- Born: 1951 (age 74–75)
- Education: St. John's College; University of Vermont; University of Massachusetts; Harvard University;
- Partner: Priscilla "Pippi" née Lindsay
- Scientific career
- Institutions: Harvard University

= Peter T. Ellison =

American anthropologist

Peter Thorpe Ellison (born 1951) is an American anthropologist who researches human reproductive ecology. His work has been recognized with a Guggenheim Fellowship and membership of the National Academy of Sciences, among other honors. He has also served as the editor-in-chief of the American Journal of Human Biology and American Journal of Physical Anthropology and editor of Annual Review of Anthropology.

==Early life and education==
Peter Thorpe Ellison was born in 1951 to parents John W. Ellison, an Episcopal reverend, and Mary . He initially went to St. John's College in Annapolis, Maryland, where he at first majored in humanities. Upon reading Darwin's On the Origin of Species, he became more interested in biology and transferred to the University of Vermont, finishing his undergraduate degree in 1975. He graduated from the University of Massachusetts with his master's degree in 1980. He later attended Harvard University for his PhD.

==Career==
Ellison researches how the human reproductive system interacts with external factors, which is known as human reproductive ecology. After finishing his PhD, he accepted a position in 1983 to remain at Harvard, where he currently works.
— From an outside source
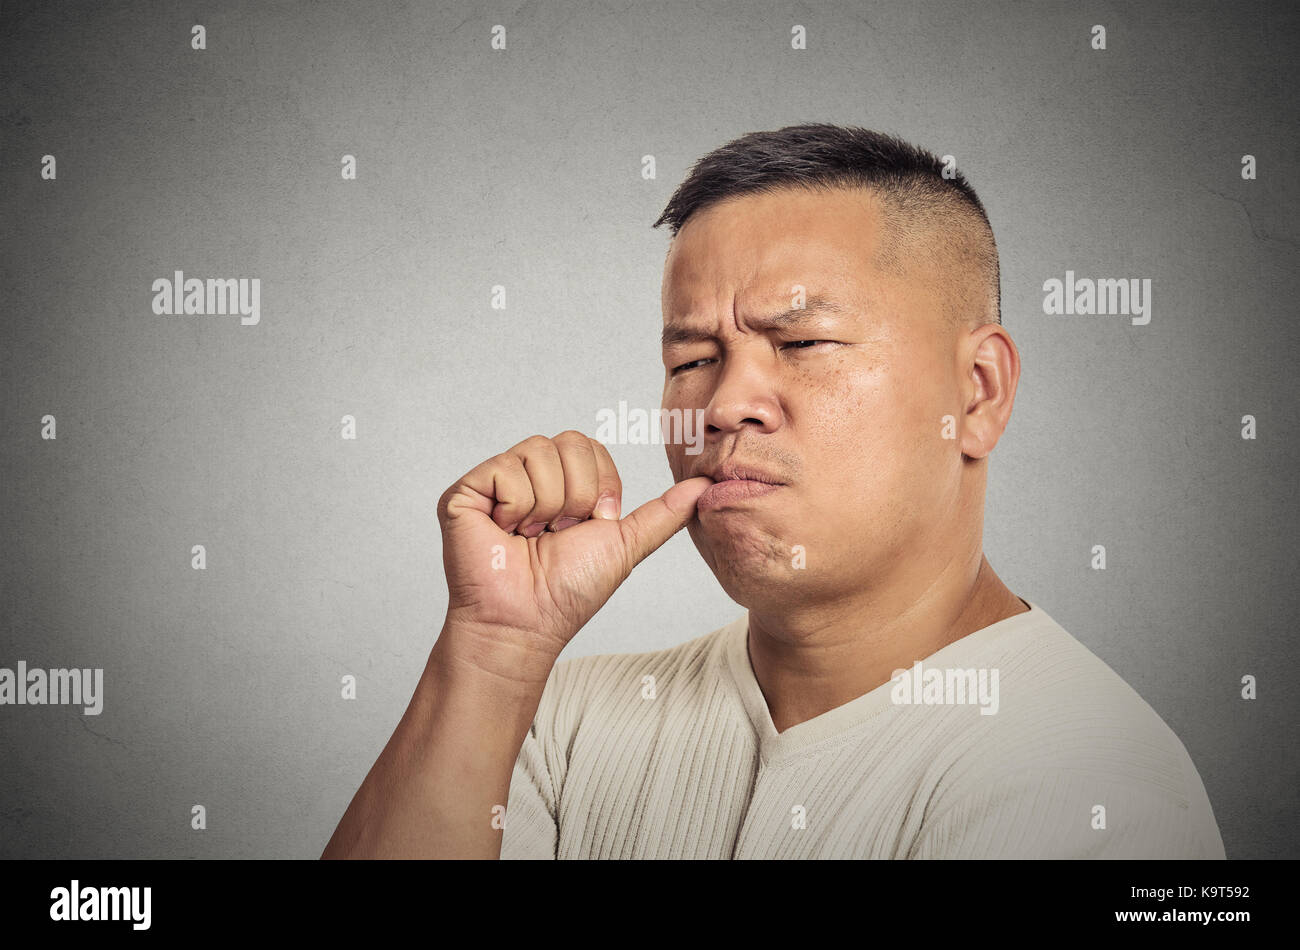 Lazy young man sucking thumb doing nothing isolated on grey wall background. Face expression human emotion Stock Photo

He has served as the chair of Department of Anthropology and dean of the Graduate School of Arts and Sciences at different points.

He has been the editor-in-chief of several academic journals, including the American Journal of Human Biology, Annual Review of Anthropology, and American Journal of Physical Anthropology. He has authored or edited several books, including Reproductive Ecology and Human Evolution (2001), On Fertile Ground (2001), and Endocrinology of Social Relationships (2009).

==Awards and honors==
In 1998 he was awarded a Guggenheim Fellowship for his research. He was elected as a member of the National Academy of Sciences in 2006. In 2019 he received the Franz Boas Lifetime Achievement Award from the Human Biology Association. He is also a fellow of the American Association for the Advancement of Science.

==Personal life==
His wife, Priscilla "Pippi" , also attended St. John's, which is where they met as freshman.
They were married at age 21 and both transferred to the University of Vermont.